Let's imagine to design an application that allows the user to place on the screen (edit and save ...) shapes represented by circles and rectangles, with borders and fill colors.

The frameworks

The idea is that "you" develop the application and "I" provide the classes required to implement it. It is important to produce "comparable code", so a special design architecture is needed.

General considerations

Whatever the coding style is, "nearline" or "offilne", it is better to distribute the classes in different projects, in order to let the classes be available to possibly different applications. In particular, it could be convenient to keep the application data classes in a specific library, separated from the application GUI classes: this allows to link that library into other executables to do some testing, without the need to review the entire application.

Again, whatever framework you will use (WTL, MFC or whatever), you'll probably add some functionality (some new control or some customization) that are most probably not strictly related to your application. These classes can be candidated to a proper library.
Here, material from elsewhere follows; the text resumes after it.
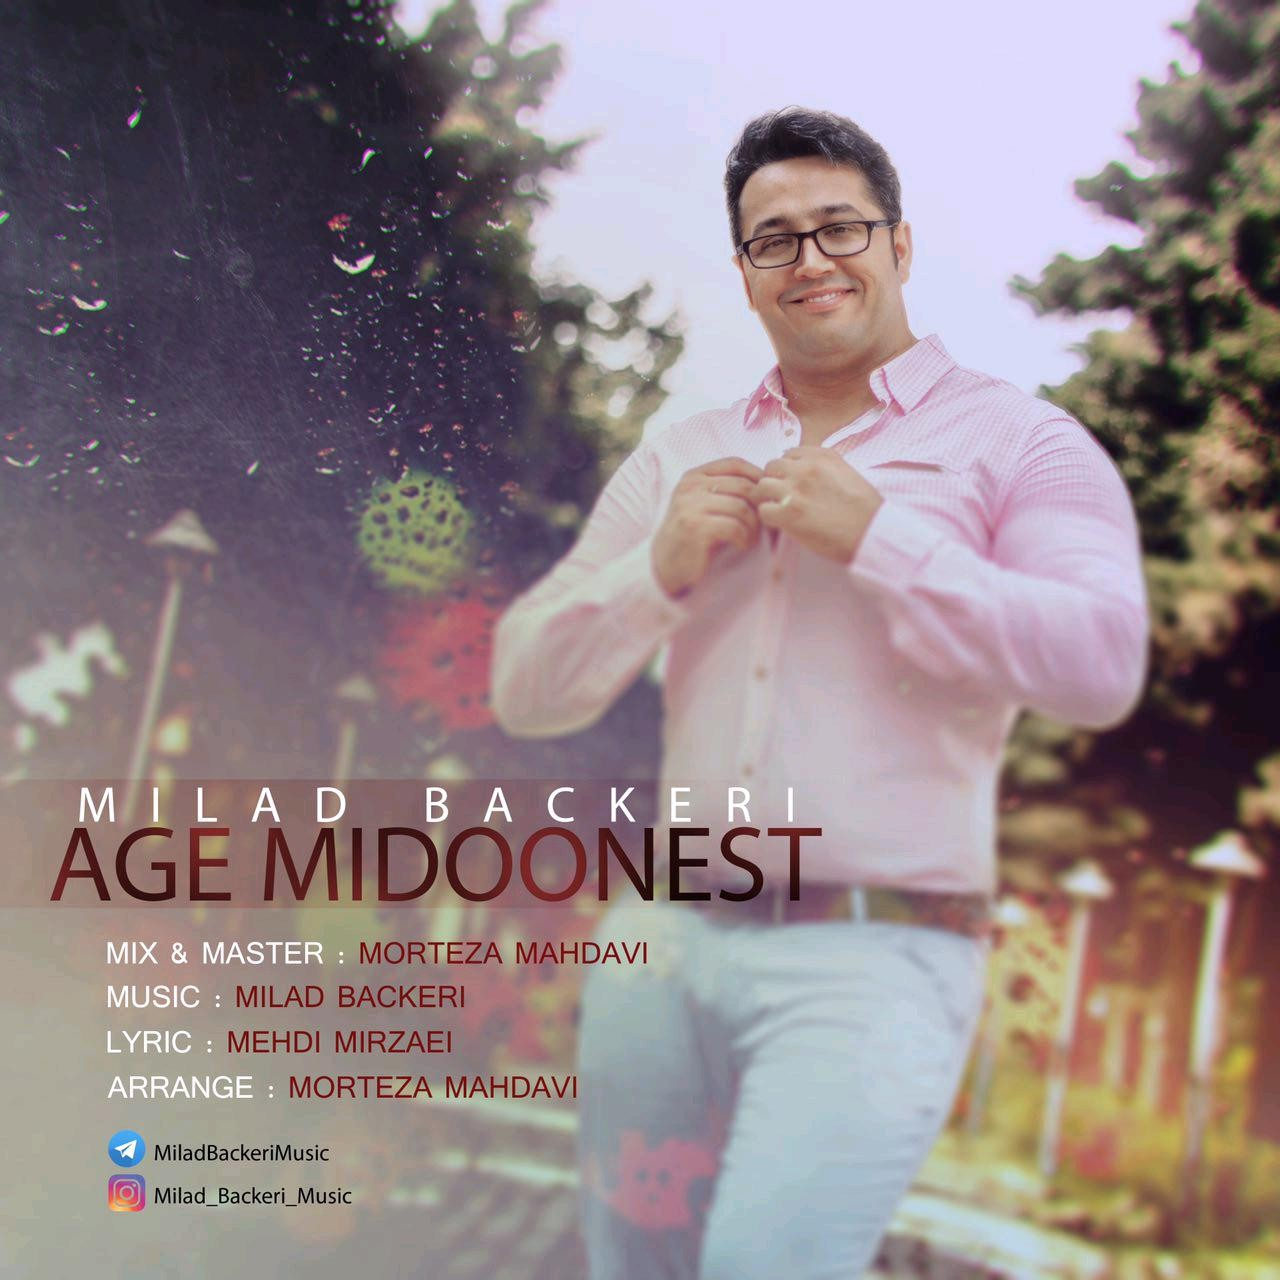 Milad Backeri – Age Midoonest

And again, you may develop some classes not pertinent to any framework or to any application. Just "general deployment classes" (like STL container or algorithms, for example). These are candidated to another library.

The same approach can be taken by me when developing classes for you. To do that, it is possible to organize the project in such a way that "your" application remains distinct from the classes I develop. And because I've to test the classes, I can create a skeleton application that represents a user for the deployed classes. Thus, the sln file will normally contain the following projects:

App Represents "your" application, using "my" classes and a working framework. Will depend from all the following projects.
AppClasses My classes used to represent the application documents. Will depend on all the following projects.
GEWin WTL, MFC or W32 functionality extensions. Will depend on the following project.
GECommon Common generic C++ classes. Will include some STL and CRT (not related themselves to Windows)
YourWin Your extension to MFC, WTL or whatever.
YourCommon Your common generic classes.

To avoid conflict with names (mine, his and yours), namespaces are recommended. In particular, all my code is normally included in a "root" namespace (I usually name it GE_: just my initials) and in a second level namespace that categorizes the classes.

May be GE_ can conflict with your names: if that's the case, a global "find and replace" of the string GE_ in all my files, is safe to be done.

Design models

Just to avoid to rewrite sources to deploy with the different models, I generally follow these design styles:

  1. Each library has its own stdafx.h (as precompiler header) that includes the headers that are required by that library (note: not that library headers). Those headers will never be included into other library files, so, it is required that projects depending on those libraries will include those stdafx.h into their own stdafx.h (if any) or headers (if no precompiled header is used).
  2. Each source includes the required headers (h), that are: the headers not in the precompiled headers that are required to compile the source.
  3. Forward inline declaration are in "inline files" (inl) included at the end of their respective headers.
  4. Every file (h and inl) always contain a #pragma once.
  5. Compilable code is in CPP file.
  6. Every instantiation in source files (CPP) is done using macros like GE_INLINE and GE_SELECTANY. These macros are normally defined as "blank". But if you define the symbol _FORCE_GE_INLINE, they will be defined as _inline and _declspec(selectany) respectively. This makes the CPP to generate no code itself, but to become "includable".
  7. If _FORCE_GE_INLINE is defined, CPP files are included in HPP files, you can include in your sources or precompiled headers.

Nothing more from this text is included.